Son ami, Paul Leverdier, avec son aide, avait enfin réussi à fonder un journal libre de toute attache de parti: la Nouvelle-France.
Revenons maintenant à l'année 1945.
Chapitre IV
Odi et projeci festivitates vestras: et non capiam odorem cœtuum vestrorum.
Je hais vos fêtes et je les abhorre; je ne puis souffrir vos assemblées.
Amos V, 21.
Grand mouvement politique à Ottawa, capitale de la Confédération. La Chambre des députés est convoquée en session extraordinaire. Le Sénat est aboli depuis longtemps. Les députés, les journalistes, les entrepreneurs des travaux publics, les solliciteurs de faveurs ministérielles arrivent de toutes parts; il encombrent les hôtels, ils envahissent les bureaux publics, les couloirs de la Chambre, les clubs, les salons. Quel tourbillon d'affaires plus ou moins inavouables et de plaisirs plus ou moins illicites!
Les journées sont consacrées aux combinaisons, aux intrigues, aux complots en petit comité, aux spéculation véreuses, aux achats et aux ventes de votes et de consciences en conciliabule plus petit encore; les nuits se passent en dîners et en bals.
Un mois s'est écoulé depuis la rencontre de Lamirande et de Montarval, dans la masure de la rue de l'Ancien-Chantier.

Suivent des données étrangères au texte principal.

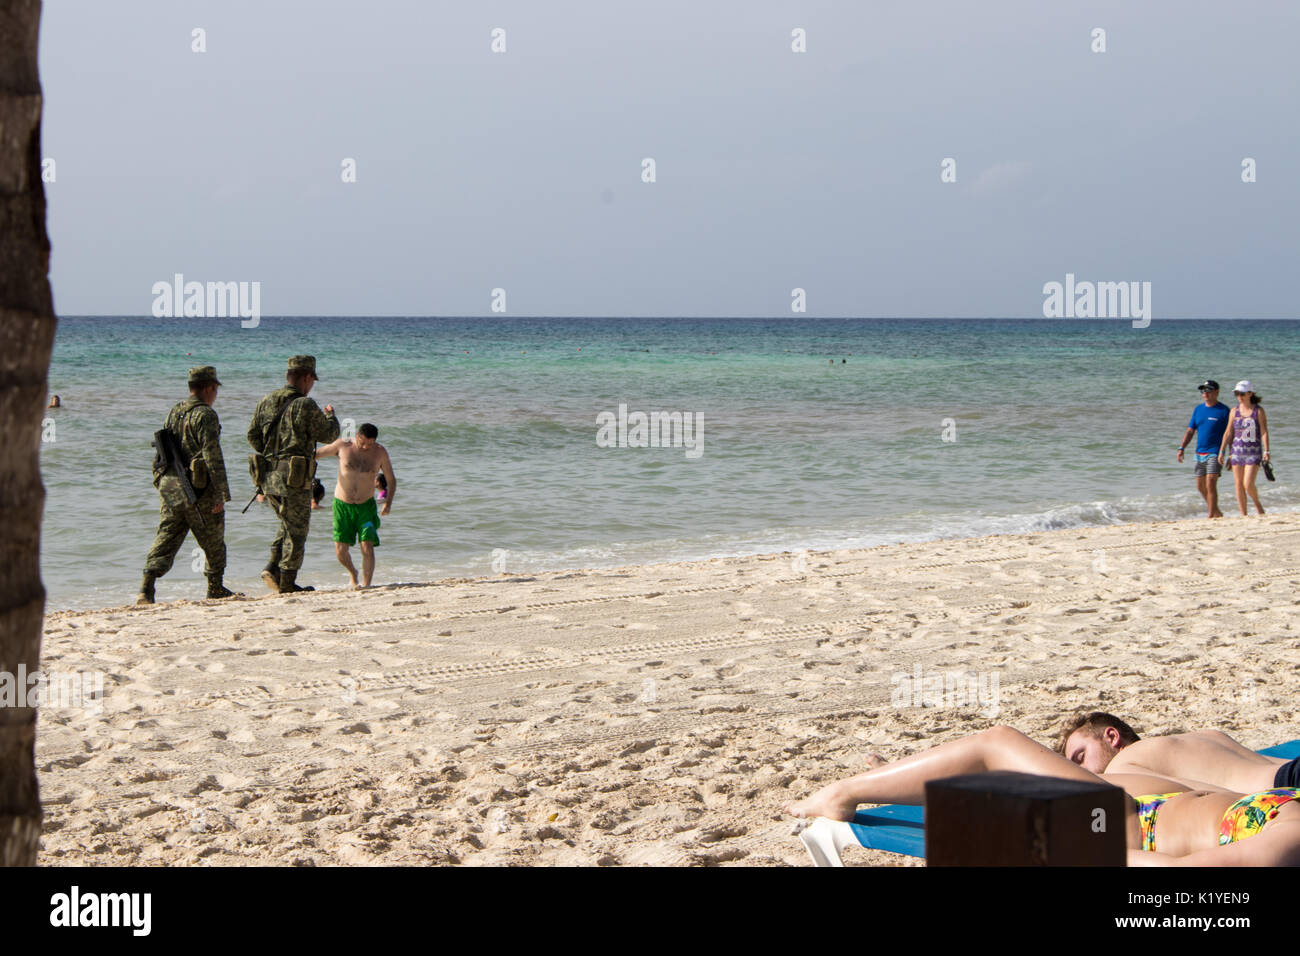 Two armed Mexican soldiers in camouflaged uniforms walking along Caribbean beach with tourists in sim wear ignoring them. Stock Photo

La neige couvre le sol. Ce manteau, d'une blancheur éclatante, a caché la boue, l'herbe desséchée et les feuilles mortes. La terre tout à l'heure désolée, noire et souillée, est maintenant belle et pure; elle resplendit et renvoie au ciel un reflet des clartés qu'elle en reçoit. Belle neige! image de la miséricorde divine qui couvre d'un vêtement immaculé les laideurs de l'âme pécheresse mais repentante. Ce n'est plus l'innocence baptismale; ce n'est plus le printemps avec ses tendres fleurs, ses doux gazouillements d'oiseaux, ses murmures de mille ruisseaux, ses brises embaumées, ses bruissements de feuilles, son encens exquis, sa musique suave comme la prière de l'enfance. Non rien n'est comparable à la beauté printanière ni à l'innocence de l'âme régénérée que le souffle du péché n'a point ternie. Mais quand les ardeurs de l'été ont brûlé la terre, quand les pluies et les tempêtes de l'automne l'ont couverte de boue et jonchée des dépouilles de la forêt, la neige descend, douce, blanche et pure; et la terre redevient belle aux yeux des hommes. Ainsi, quand les passions ont ravagé l'âme, quand les crimes et les vices l'ont défigurée, la grâce de Dieu descend sur elle et la couvre d'un manteau, le manteau du pardon, qui réjouit la vue des anges. Mais la terre souillée reçoit son manteau sans le solliciter; l'âme coupable doit demander le sien à Celui qui ne méprise jamais un cœur contrit et humilié.